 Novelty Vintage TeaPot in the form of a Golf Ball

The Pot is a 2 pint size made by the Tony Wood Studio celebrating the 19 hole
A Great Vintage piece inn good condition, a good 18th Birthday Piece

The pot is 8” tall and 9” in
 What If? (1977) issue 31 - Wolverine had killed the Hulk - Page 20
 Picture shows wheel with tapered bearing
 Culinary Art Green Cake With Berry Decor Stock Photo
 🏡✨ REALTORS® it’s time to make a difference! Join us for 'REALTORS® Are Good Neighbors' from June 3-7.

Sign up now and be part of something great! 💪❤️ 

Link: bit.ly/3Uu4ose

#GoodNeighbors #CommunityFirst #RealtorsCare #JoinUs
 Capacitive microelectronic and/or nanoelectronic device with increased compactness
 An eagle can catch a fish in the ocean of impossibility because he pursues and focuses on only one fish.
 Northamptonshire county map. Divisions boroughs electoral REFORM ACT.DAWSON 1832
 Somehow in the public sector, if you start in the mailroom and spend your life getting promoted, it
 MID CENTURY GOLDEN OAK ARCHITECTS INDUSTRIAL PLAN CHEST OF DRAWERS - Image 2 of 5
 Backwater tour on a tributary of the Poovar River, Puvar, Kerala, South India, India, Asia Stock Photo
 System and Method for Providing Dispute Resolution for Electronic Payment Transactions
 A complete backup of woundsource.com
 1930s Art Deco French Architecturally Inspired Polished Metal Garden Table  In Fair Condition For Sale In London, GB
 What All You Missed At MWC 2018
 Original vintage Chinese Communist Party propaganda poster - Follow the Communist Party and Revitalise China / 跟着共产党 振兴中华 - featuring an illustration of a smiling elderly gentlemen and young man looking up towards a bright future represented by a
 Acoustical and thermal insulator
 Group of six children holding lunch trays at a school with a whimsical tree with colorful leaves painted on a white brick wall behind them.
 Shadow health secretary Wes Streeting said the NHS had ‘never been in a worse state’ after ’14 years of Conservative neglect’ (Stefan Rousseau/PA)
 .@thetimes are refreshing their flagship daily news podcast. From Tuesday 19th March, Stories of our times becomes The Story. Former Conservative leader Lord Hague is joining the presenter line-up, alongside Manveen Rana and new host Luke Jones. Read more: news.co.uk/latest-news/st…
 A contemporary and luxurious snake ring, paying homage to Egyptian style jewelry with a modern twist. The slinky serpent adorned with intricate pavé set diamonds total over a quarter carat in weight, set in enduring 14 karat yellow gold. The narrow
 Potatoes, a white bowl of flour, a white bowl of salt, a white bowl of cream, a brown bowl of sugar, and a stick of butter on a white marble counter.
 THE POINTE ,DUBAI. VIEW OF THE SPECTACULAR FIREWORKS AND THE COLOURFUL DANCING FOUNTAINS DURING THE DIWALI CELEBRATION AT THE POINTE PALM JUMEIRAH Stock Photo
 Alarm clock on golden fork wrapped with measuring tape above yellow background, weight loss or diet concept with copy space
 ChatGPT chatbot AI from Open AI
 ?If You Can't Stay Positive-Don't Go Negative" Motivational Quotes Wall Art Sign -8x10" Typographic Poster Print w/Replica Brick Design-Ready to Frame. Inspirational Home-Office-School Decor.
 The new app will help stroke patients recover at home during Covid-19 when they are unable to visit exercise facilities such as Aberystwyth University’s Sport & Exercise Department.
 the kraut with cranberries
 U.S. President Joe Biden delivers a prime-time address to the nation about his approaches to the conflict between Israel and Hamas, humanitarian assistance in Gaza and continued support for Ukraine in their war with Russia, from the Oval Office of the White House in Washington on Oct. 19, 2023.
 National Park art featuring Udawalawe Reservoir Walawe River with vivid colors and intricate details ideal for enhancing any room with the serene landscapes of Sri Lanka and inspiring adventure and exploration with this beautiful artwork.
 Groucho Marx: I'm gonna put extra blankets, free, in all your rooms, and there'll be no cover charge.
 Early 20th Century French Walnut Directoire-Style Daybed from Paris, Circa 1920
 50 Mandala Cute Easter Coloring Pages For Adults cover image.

•••

BRIEF –
From the top of the material above, please transcribe each line exactly. Include the line with "Shadow health secretary" and end there.

EXERCISE RESULT –
 Novelty Vintage TeaPot in the form of a Golf Ball

The Pot is a 2 pint size made by the Tony Wood Studio celebrating the 19 hole
A Great Vintage piece inn good condition, a good 18th Birthday Piece

The pot is 8” tall and 9” in
 What If? (1977) issue 31 - Wolverine had killed the Hulk - Page 20
 Picture shows wheel with tapered bearing
 Culinary Art Green Cake With Berry Decor Stock Photo
 🏡✨ REALTORS® it’s time to make a difference! Join us for 'REALTORS® Are Good Neighbors' from June 3-7.

Sign up now and be part of something great! 💪❤️ 

Link: bit.ly/3Uu4ose

#GoodNeighbors #CommunityFirst #RealtorsCare #JoinUs
 Capacitive microelectronic and/or nanoelectronic device with increased compactness
 An eagle can catch a fish in the ocean of impossibility because he pursues and focuses on only one fish.
 Northamptonshire county map. Divisions boroughs electoral REFORM ACT.DAWSON 1832
 Somehow in the public sector, if you start in the mailroom and spend your life getting promoted, it
 MID CENTURY GOLDEN OAK ARCHITECTS INDUSTRIAL PLAN CHEST OF DRAWERS - Image 2 of 5
 Backwater tour on a tributary of the Poovar River, Puvar, Kerala, South India, India, Asia Stock Photo
 System and Method for Providing Dispute Resolution for Electronic Payment Transactions
 A complete backup of woundsource.com
 1930s Art Deco French Architecturally Inspired Polished Metal Garden Table  In Fair Condition For Sale In London, GB
 What All You Missed At MWC 2018
 Original vintage Chinese Communist Party propaganda poster - Follow the Communist Party and Revitalise China / 跟着共产党 振兴中华 - featuring an illustration of a smiling elderly gentlemen and young man looking up towards a bright future represented by a
 Acoustical and thermal insulator
 Group of six children holding lunch trays at a school with a whimsical tree with colorful leaves painted on a white brick wall behind them.
 Shadow health secretary Wes Streeting said the NHS had ‘never been in a worse state’ after ’14 years of Conservative neglect’ (Stefan Rousseau/PA)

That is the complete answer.